Послушай, однако, свои выводы! Писание высоко ставит Божью благодать, значит, оно доказывает свободную волю. Оно высоко ставит помощь Божьей благодати, значит, оно утверждает свободную волю. Какая диалектика выучила таким умозаключениям? Почему бы не вывести обратное: проповедуют благодать, значит, изгоняют свободную волю. Высоко ставят помощь Божьей благодати, значит, низвергают свободную волю! Зачем же тогда даруют благодать? Не затем ли, чтобы гордыня свободной воли, достаточно сильная сама по себе, выламывалась бы и пыжилась на масленицу[590], украсив себя еще и благодатью?! Поэтому я — может быть, и не оратор — хотел бы изменить твое умозаключение, воспользовавшись более сильным ораторским приемом.
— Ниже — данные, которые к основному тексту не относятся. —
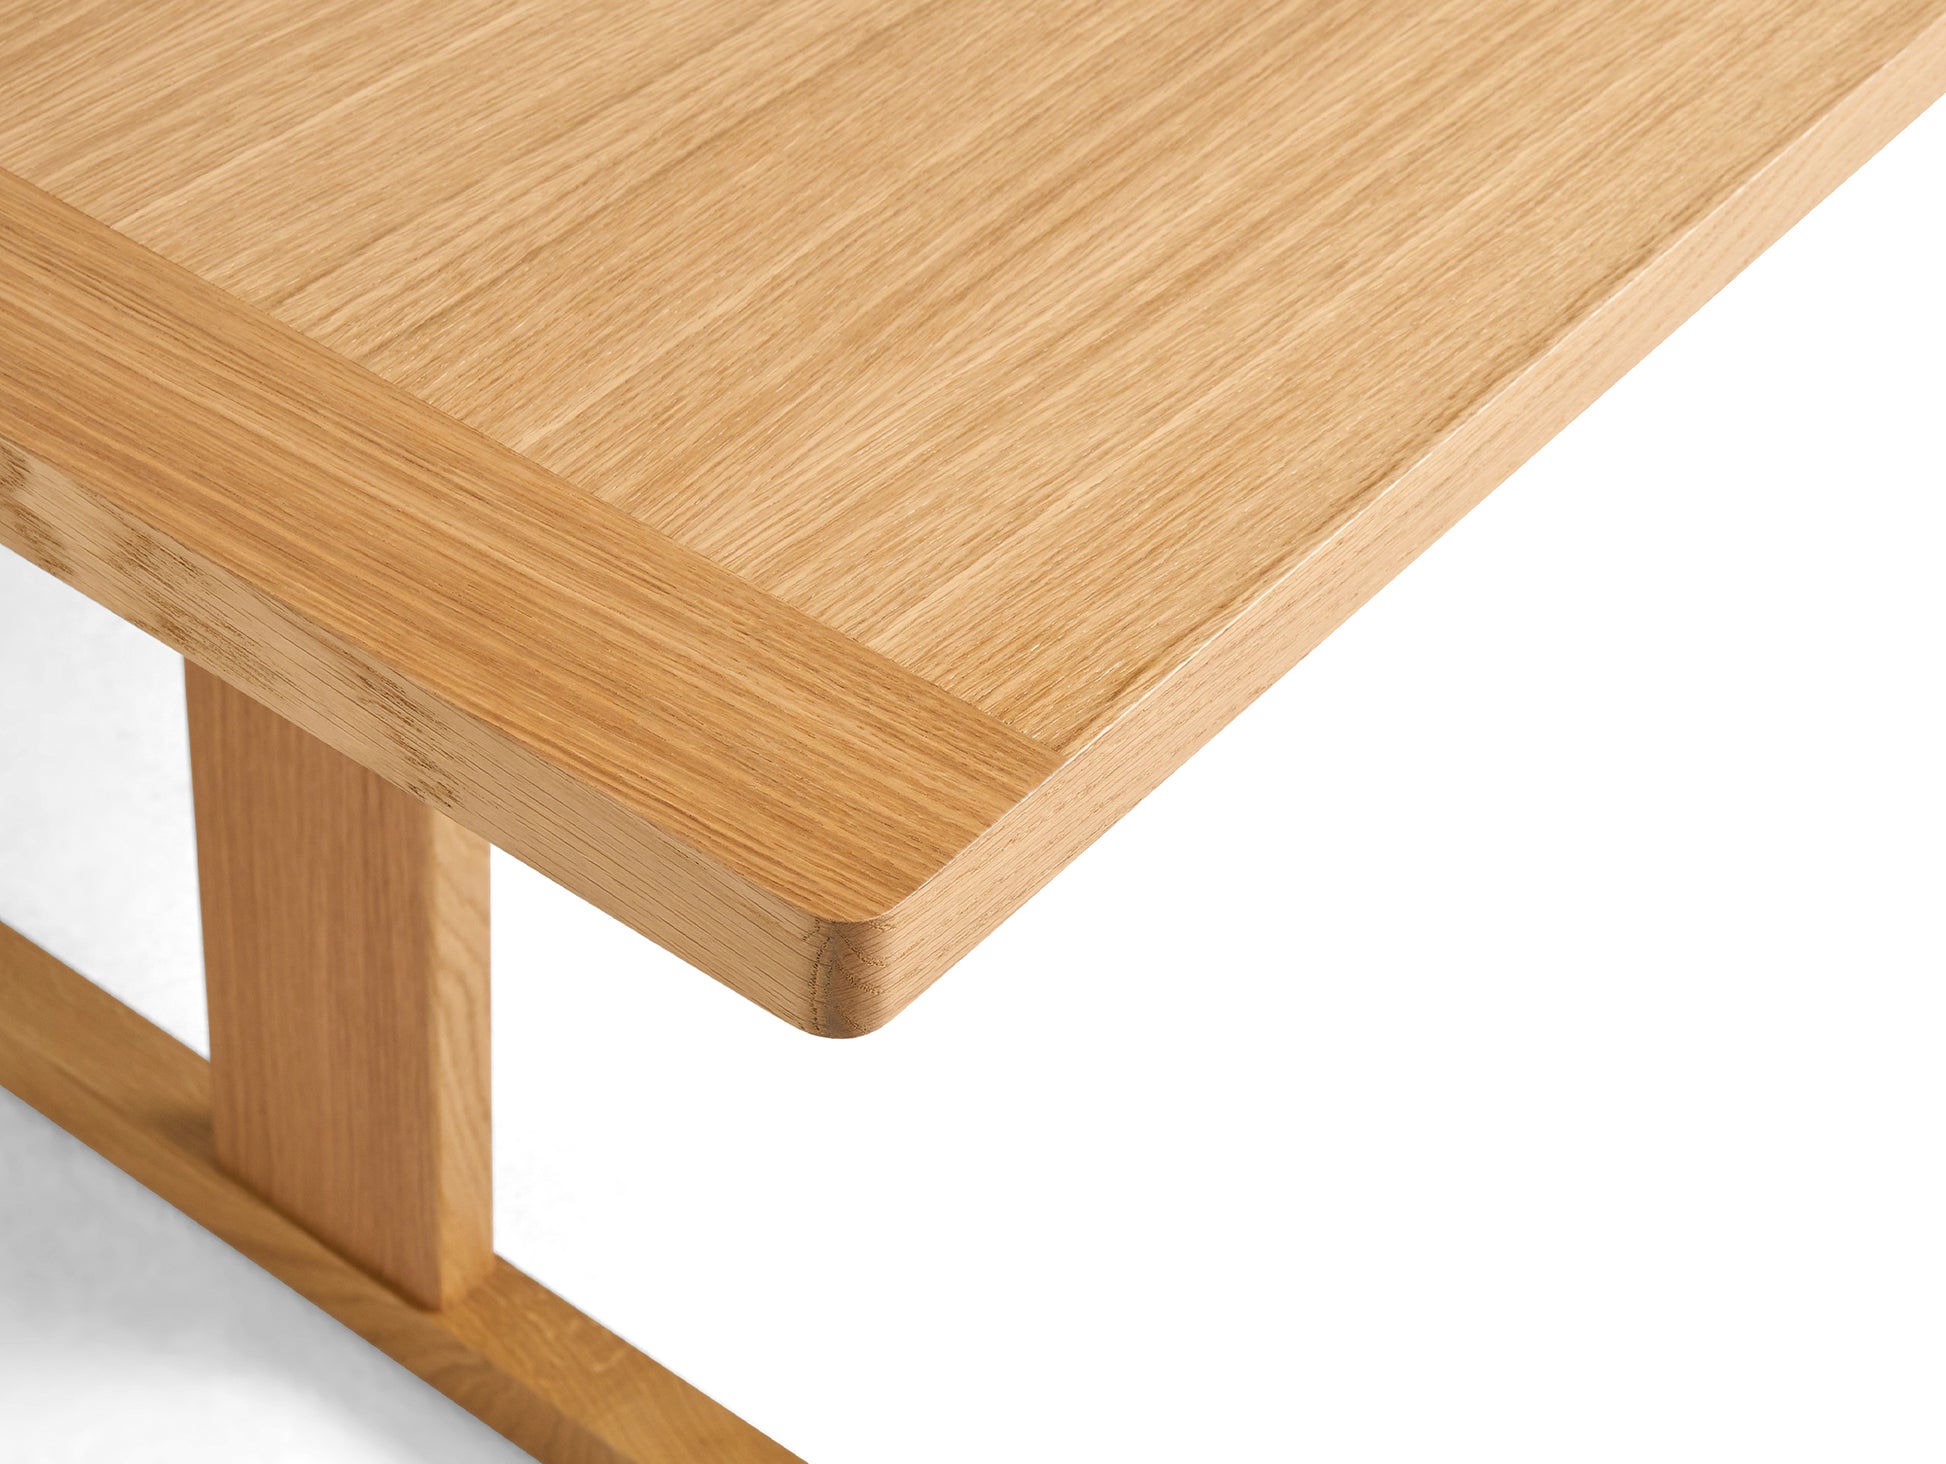 Passerelle Table (Veneer Tabletop) by HAY - Oak Tabletop

Сколько есть в Священных писаниях мест, в которых упоминается божественная помощь, столько же там и таких, которые отвергают свободную волю. А их несчетное множество. Если судить о деле по числу этих доказательств, то я окажусь победителем. Оттого и нужна благодать, оттого и предлагается помощь благодати, что свободная воля сама по себе ничего не может и, по высказанному в Диатрибе принятому ею мнению, не может хотеть добра. Если высоко ставят благодать и проповедуют помощь благодати, то тем самым проповедуют бессилие свободной воли. Вот это — здравое умозаключение и твердый вывод, который не одолеют врата ада[591].

Здесь мы намерены положить конец нашей защите от вымыслов Диатрибы, дабы наша книга не разрослась непомерно. Прочее — если оно того заслуживает — будет обсуждаться вместе с нашими утверждениями. Потому что в эпилоге Эразм повторяет: если мнение Лютера справедливо, то напрасными окажутся все заповеди, все угрозы, все обетования и не будет места ни для заслуг, ни для отсутствия заслуг, ни для наград, ни для наказаний; трудно защищать милосердие и справедливость Божью, если Бог карает тех, которые грешат по необходимости; за этим следуют и другие неудобства, которые так подействовали на великих мужей, что привели их в замешательство. Обо всем этом мы уже высказывали свое суждение выше. Мы не терпим и не принимаем той середины, которую нам предлагает Диатриба — я думаю — из лучших чувств, а именно с желанием, чтобы мы хоть чуточку уступили свободной воле, дабы легче было устранить противоречивые места в Писании и неудобства, о которых было сказано прежде. Ведь эта середина ничему не может научить и не может принести никакой пользы делу. Если ты и не станешь приписывать все и вся свободной воле, как это делали пелагиане, то в Писании все равно останутся противоречия; если устранить заслугу, награду, если убрать милосердие и справедливость Божьи, то все равно останутся все неудобства, которых нам хотелось бы избежать при помощи крошечной и бездейственной силы свободной воли, как мы уже достаточно показали это выше. Поэтому надо дойти до крайности, отвергнуть целиком всю свободную волю и свести все к Богу. Так в Писаниях не станет противоречий, а неудобства — если они не устранятся — можно будет перенести.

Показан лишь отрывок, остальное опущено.